Holocaust wasn’t a joke

What is it with student journalists lately?

First you had the white kid at Oregon State who wrote a column calling black people immoral. Then you had the one at the University of Massachusetts who opined that Pat Tillman, the former NFL player killed in Afghanistan, “got what was coming to him.”

But the one that really stops me comes out of Rutgers University. I don’t single it out because of the transgression per se, even though it was egregious. For those who haven’t heard: The Medium, a weekly student journal of news, opinion, humor and scatology, published a cartoon on its cover the week before last under the headline “Holocaust Remembrance Week.” The cartoon was set at a carnival and depicted a bearded man sitting on the edge of an open kitchen stove. The caption: “Knock a Jew in the oven! Three throws for one dollar.”

Real knee slapping stuff.

Small wonder many people reacted in outrage. Some demanded that the school shut down the paper. Rutgers officials, pointing to a Supreme Court ruling protecting college newspapers from censorship, said their hands were tied. Last week, the newspaper, which has reportedly become notorious for racist “humor” and pornographic imagery, issued an entirely predictable apology.

But again, it’s not the cartoon alone that drops my jaw. No, the thing that appalls me is that the editor who chose the image and who defended it, says that he is himself Jewish. Indeed, Nathaniel Berke told reporters that he has ancestors who died in the Holocaust.

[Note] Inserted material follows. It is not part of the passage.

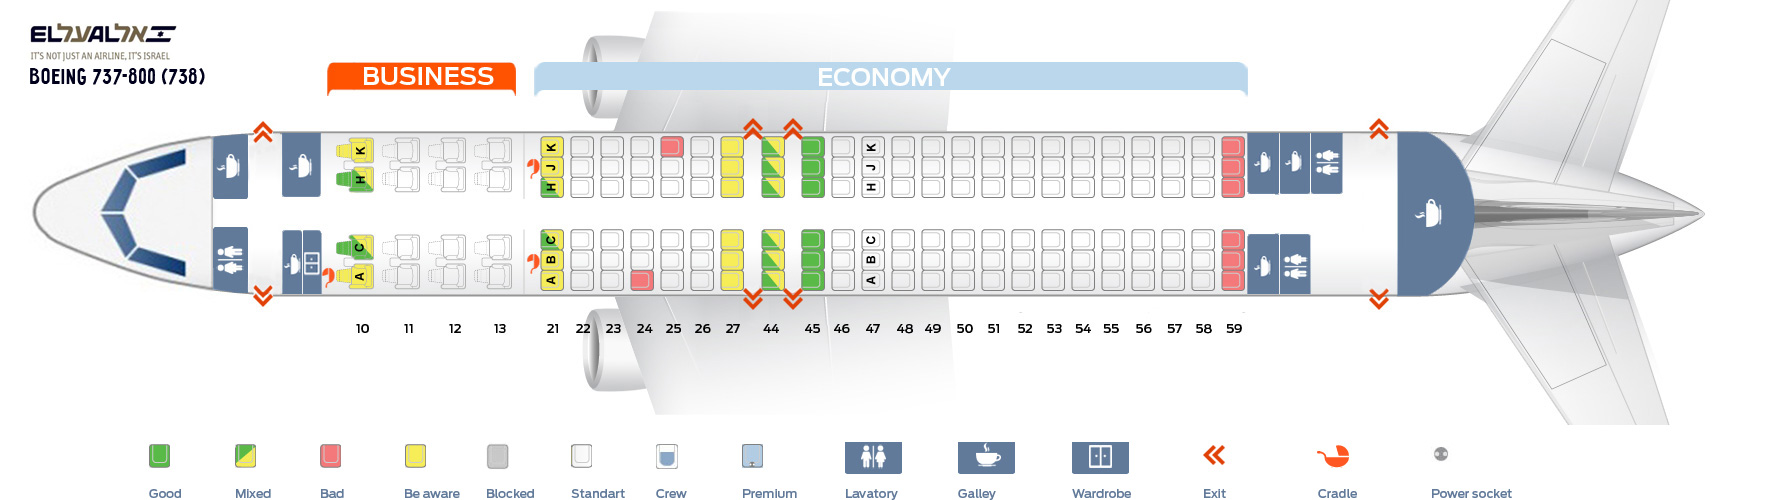 Boeing 738 Seating Chart

His reasoning in running the cartoon? “A lot of people were saying it was very funny,” he told the New York Sun. Also, humor about the Holocaust has always been taboo, he said. He thought making fun of it would help people cope.

The sheer temerity of it inspires awe.

I will leave it to others to analyze what, if anything, all this says about anti-Semitism or Jewish self-loathing. I’m having enough trouble getting my mind around the idea that a man with blood ties to the Holocaust could find that cartoon funny.

The issue is not, contrary to what he would have us believe, that Holocaust humor is not allowed. Granted, it’s a supremely difficult thing to pull off, but the three Oscars awarded to actor-director Roberto Benigni’s “Life Is Beautiful,” a 1997 comedy partially set in a death camp, stand as stark proof that it’s possible.

What separates Benigni’s movie from this execrable cartoon is obvious, of course. In the movie, the dead are not the butt of the joke.

It’s a distinction that speaks to the meanness, the lack of basic humanity, that permeates much of popular culture these days. My argument is not — I can’t say this strongly enough — about language or imagery but rather about intent. About taking as one’s purpose the diminution and humiliation of some marginalized racial, religious, ethnic or sexual group. And then hiding behind irreverence or claiming higher purpose, as in this nitwit’s contention that the cartoon would help people cope with the Holocaust. I guess we should be grateful he didn’t say it would help them find “closure.”

Political satire is one of the blessings of American liberty, the sharper its elbows, the better. But making a joke of the signature atrocity of modern times, the wanton slaughter of 6 million human beings, is not satire. Not even close.

It is, rather, the behavior of stunted children, emotional cripples incapable of reverence or even simple respect. And whether that malady stems from the unwillingness of the young to learn the lessons of history or the ineffectiveness of the old in teaching them, the effect is the same. Those lessons, purchased at a cost of blood and flesh, are not passed down and instead pass away.

To put it another way: The Holocaust is not a joke. And if we’re at a point where you have to explain that to a Jewish kid, heaven help us all.


Leonard Pitts Jr. is a columnist for the Miami Herald.